Hi, thanks for your work, I just hava a question about the Viral_Track_scanning.R. If there is no any mapping of virus, will it report an error like following?

Loading of the libraries.... ... done ! Warning message:
Output directory does not exist ! Creating it ! 
1 Fastq files are going to be processed ! 
Mapping step2_hgmm_100_R2_extracted.fastq file 
Aug 03 17:58:15 ..... started STAR run
Aug 03 17:58:15 ..... loading genome
Aug 03 17:58:26 ..... started 1st pass mapping
Aug 03 17:58:46 ..... finished 1st pass mapping
Aug 03 17:58:46 ..... inserting junctions into the genome indices
Aug 03 17:59:53 ..... started mapping
Aug 03 18:00:13 ..... finished mapping
Aug 03 18:00:16 ..... started sorting BAM
Aug 03 18:00:30 ..... finished successfully
Mapping ofstep2_hgmm_100_R2_extracted.fastq done ! 
All fastq files have been mapped successfully 
Starting the BAM file analysis 
Indexing of the bam file for step2_hgmm_100_R2_extracted is done 
Computing stat file for the bam file for step2_hgmm_100_R2_extracted is done 
Checking the mapping quality of each virus... 
Export of the viral SAM file done for step2_hgmm_100_R2_extracted 
Error in { : task 1 failed - "the condition has length > 1"
Calls: %dopar% -> <Anonymous>
GhobrialMoheb commented 1 year ago

Hi I can't run "Viral_Track_scanning.R", did you run it in windows or linux R?

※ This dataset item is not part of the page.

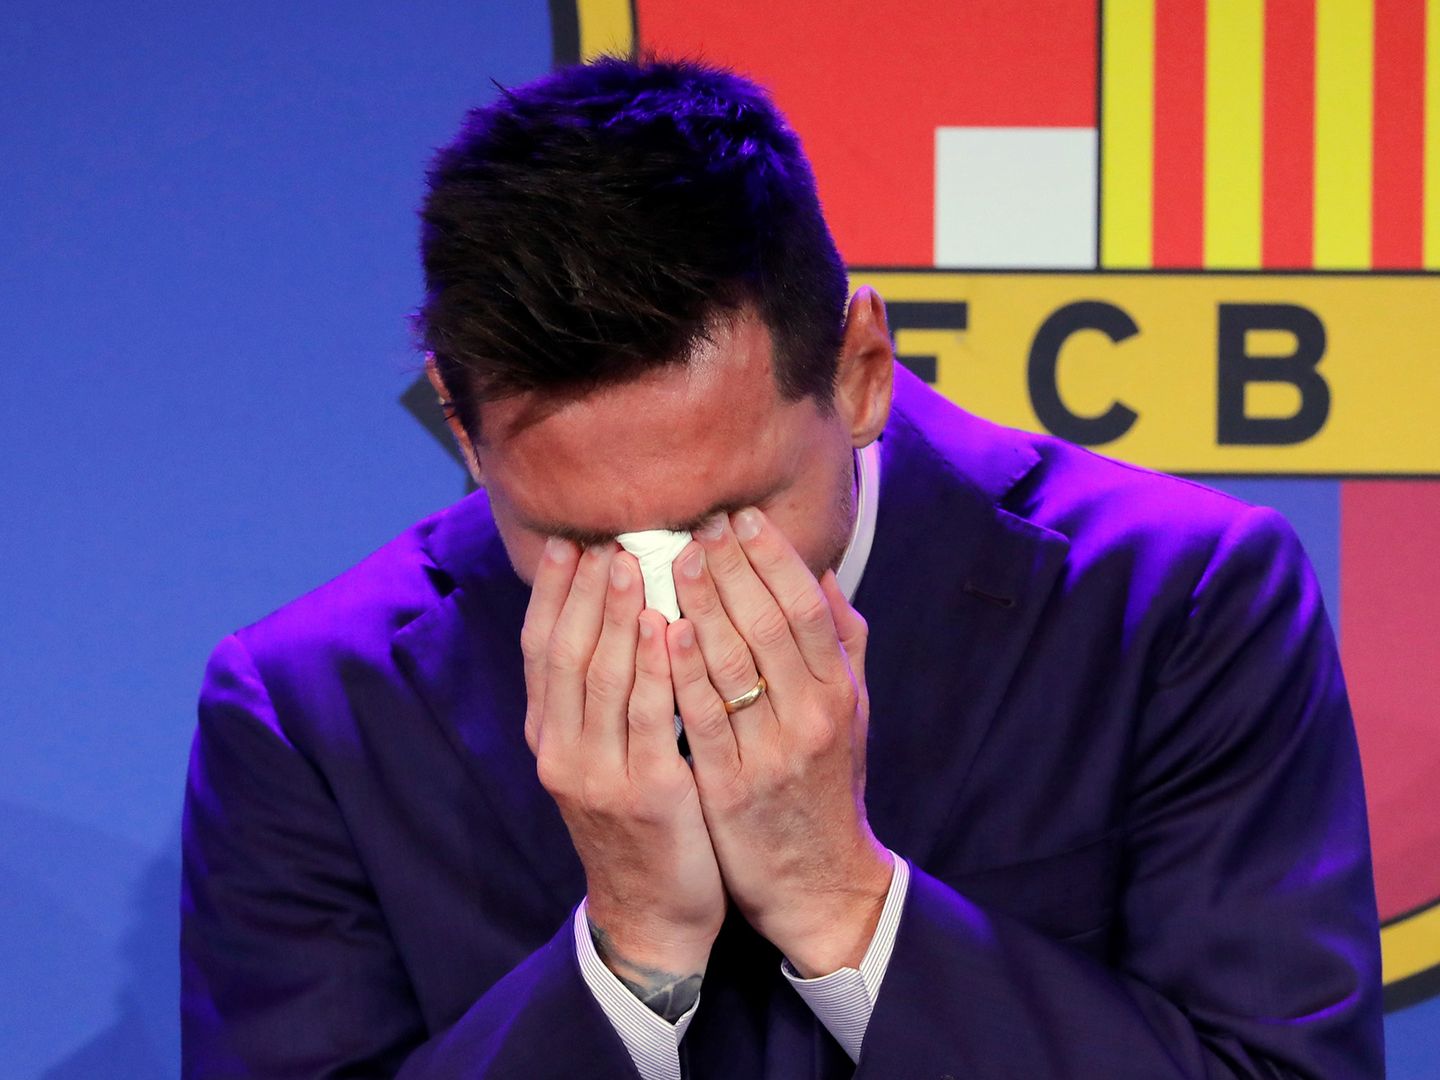 Łzy i łamiący się głos. Smutne obrazki z Barcelony
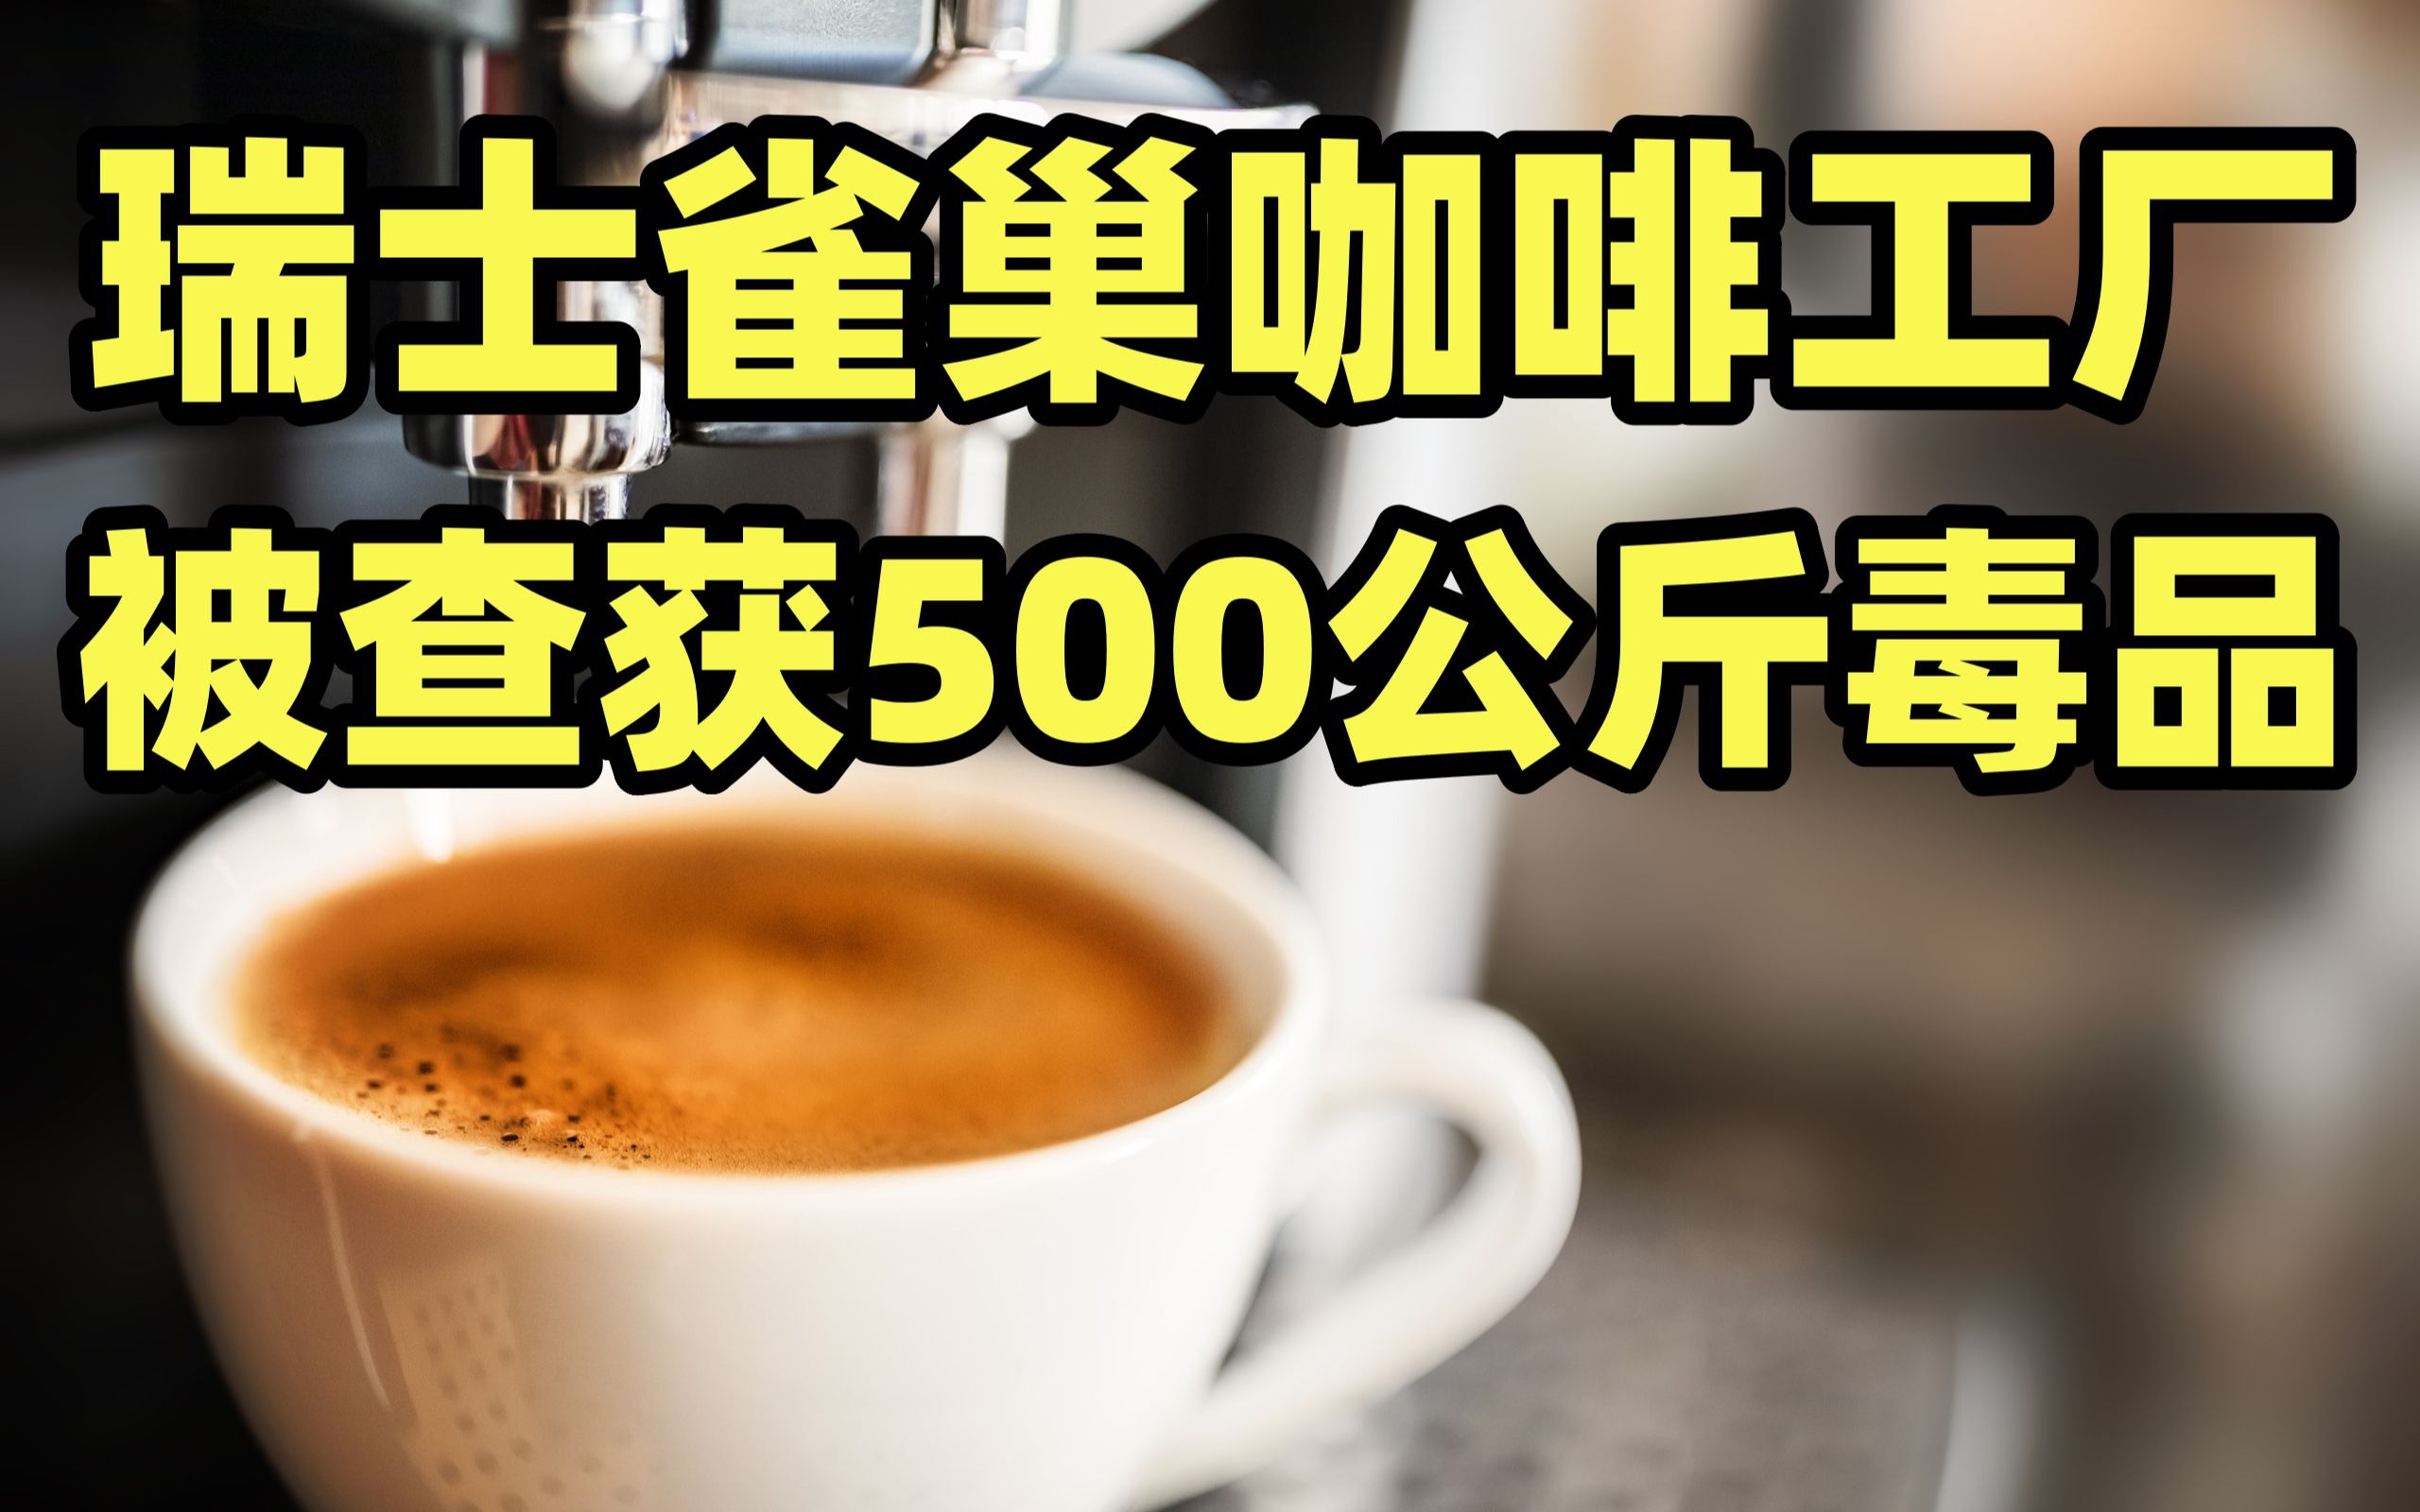 雀巢咖啡工厂被查获500公斤毒品 瑞士警方：不排除企业协同作案

I get this error message, despite having Biostrings installed Loading of the libraries.... Error in library(Biostrings) : there is no package called ‘Biostrings’ Calls: suppressMessages -> withCallingHandlers -> library Execution halted

Shiywa commented 1 year ago

I don't have any error about the packages.

GhobrialMoheb commented 1 year ago

Thanks for your reply, may you please guide me as to how you made it work to this step?

Shiywa commented 1 year ago

Thanks for your reply, may you please guide me as to how you made it work to this step?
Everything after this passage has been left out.